Ok, now there remains to solve the correct interpretation of imported rings, to determine if it generates simple OSM closed ways (rings), or create them as members of a single OSM multipolygon relation: this is not so simple, because you also need to determine their OSM role ("inner" or "outer") by checking which rings are enclosing others.

The import could fail if they intersect and the common surface is not 0% or 100% (such geometry is normally invalid also in GeoJSON).

But it should NEVER fail if the intersection between pairs of rings represents a surface of 0% or 100% of any ring, even if there are common/superposed nodes, or common/superposed line segments. If there are common segments, the import in OSM should try splitting them on identical nodes, and then remove duplicate segments, before trying to determine the new rings, and then their "inner" or "outer" roles.

The import would be safer if simply the GeoJSON was just parsed as a collection of independant segments, and then a loop will detect if they intersect somewhere else than just their two end-points: if there's such intersection, these segments would be split on the computed intersection points (non colinear case), or on the existing endpoints of the other segment.

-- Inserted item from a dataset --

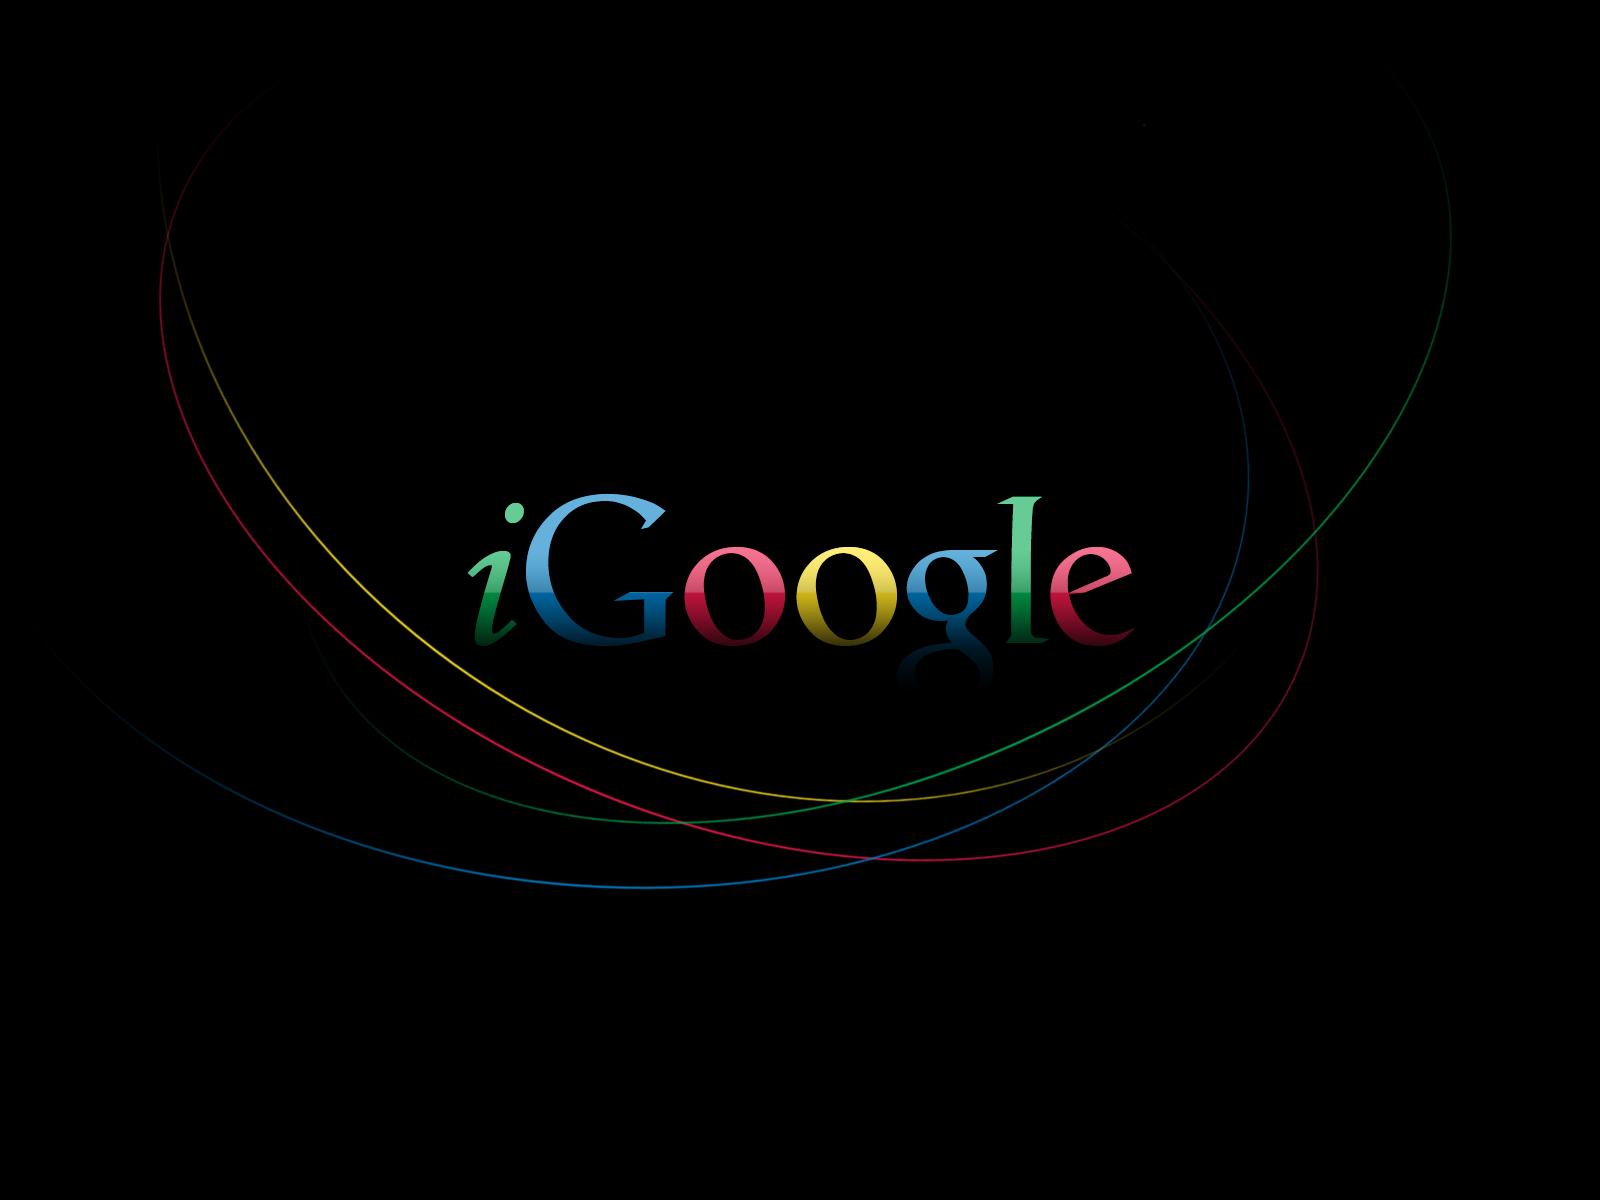 custom google wallpaper images google homepage background

Then a second pass will eliminate all pairs of segments (defined as unordered set of two points, which can be normalized by creating an ordered pair, where ordering is the point index in a separate map of points)

Basically:

  • the algorithm first starts by creating an empty PointMap of (x,y) to integer and an PointArray of (x,y): each new point detected is first looked up in the PointMap; if it is found then it uses the point number returned for the segment endpoint. Else it adds a new (x,y) pair in the PointArray, and stores its integer position in the Map.
  • it also creates an initial SegmentMap of (pointNumber a, pointNumber b) to integer and a SegmentArray of (pointNumber a, pointNumber b): a and b are determined from the previous PointMap, but then ordered so that a < b (if a==b) then you don't need to store any segment.
  • For each GeoJSON polygon parsed, it uses composes it into the SegmentMap (and its associated SegmentArray): each time a segment to add is present (only compared point numbers), it is removed, else it is added. At end, all segments are different.
  • Then it will look for all pairs of segments in the SegmentArray to detect if they intersect using the (x,y) coordinates of points: if they are colinear they will be split only on endpoints and no new point will need to be added in the PointMap and array, but if they are not colinear, you need to determine the intersection point of straight lines passing through each segment, and see if it falls at the in the middle of one of the two segments, then it will split that segment into two parts, by first adding a new point (using the PointMap to determine a point number to use in the PointArray) if needed. Each new segment if checked in the SegmentMap to see if it must be added, or removed.
  • At this step, the SegmentMap and PointMap are no longer needed, only the SegmentArray and PointArray are useful.
  • Then it will start looking up for closed rings by forming chains of segments (in SegmentArray) to form chains, using a priority order when there ares several more than two segments sharing the same point number, if there's a even number of segments sharing the same node (as start or end node).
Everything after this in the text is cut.